Friday, June 29, 2007

Who gave Paula Abdul a reality show?


I’d rather watch the golf channel while trying to slit my wrists with a butter knife.

Fuck, if I stay home much longer that could be my tomorrow.

Nope, I haven’t found a job yet and my emotional state has slowly fallen over the last week.

My doc put me on Lexapro and I’ve been taking it. Now the prescription has run out and I’ve left five messages for him over the last couple of weeks with no return phone call.

So basically I’m coming off of anti-depressants and guess what?? I’m a little depressed.

He gave me this particular pill to help me start to feel normal again and I was almost there.

Fuck it…back to booze I guess.

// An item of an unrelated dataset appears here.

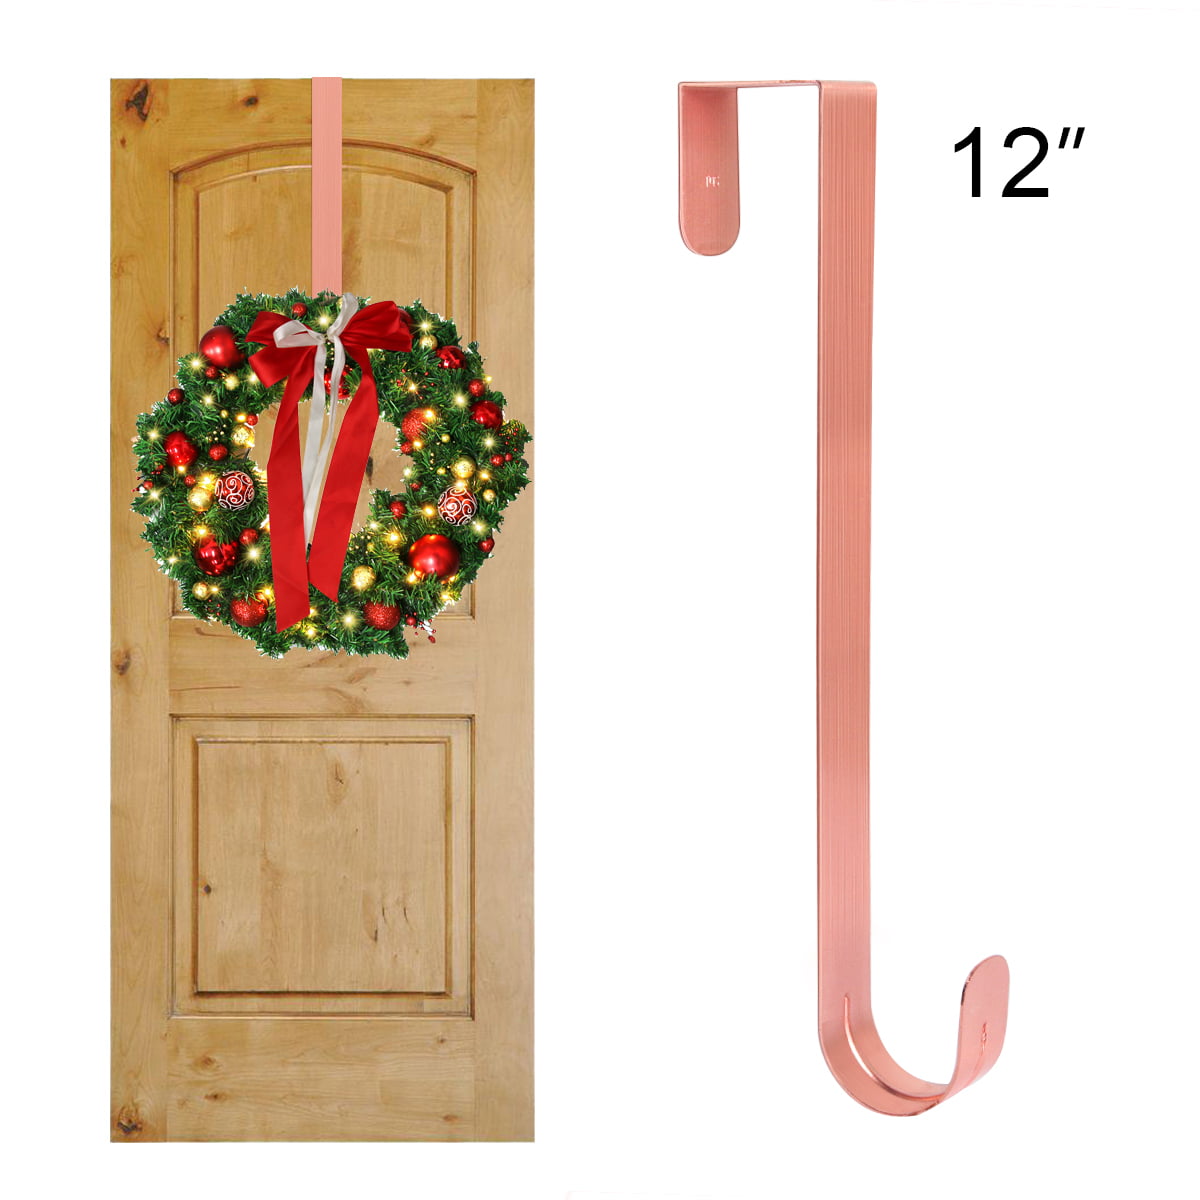 Portable Over the Door Wreath Holder Metal Hanger Hook Rack for Christmas Decor

I write better when I’m drunk anyway and I think that happiness is over-rated.

Plus happy people get on my fucking nerves.

I’m slowly running out of time and money.

My grandmother use to say “pick your self up by your boot straps and go on.”

That pill could have been sugar coated shit for all I know and my doctor always calls me back but not this time.

So I’ll carry on.

A couple of good things have happened.

My ex came through for me and got the non-smogable Monster smogged. It was a very shady deal without being shady at all…it was the white smog mafia. I loved it! I got my 08 tags today.
July will be my final credit card debt payment. $17,000 in execrating $500 payments for almost 4 years.

Unfortunately, there are a helluvalot of other people waiting in line for money I don’t have. I think that most people have that problem though.

I have to always remind myself I have so much more than most.

Including Xanax…excuse me…I have to go now…heh.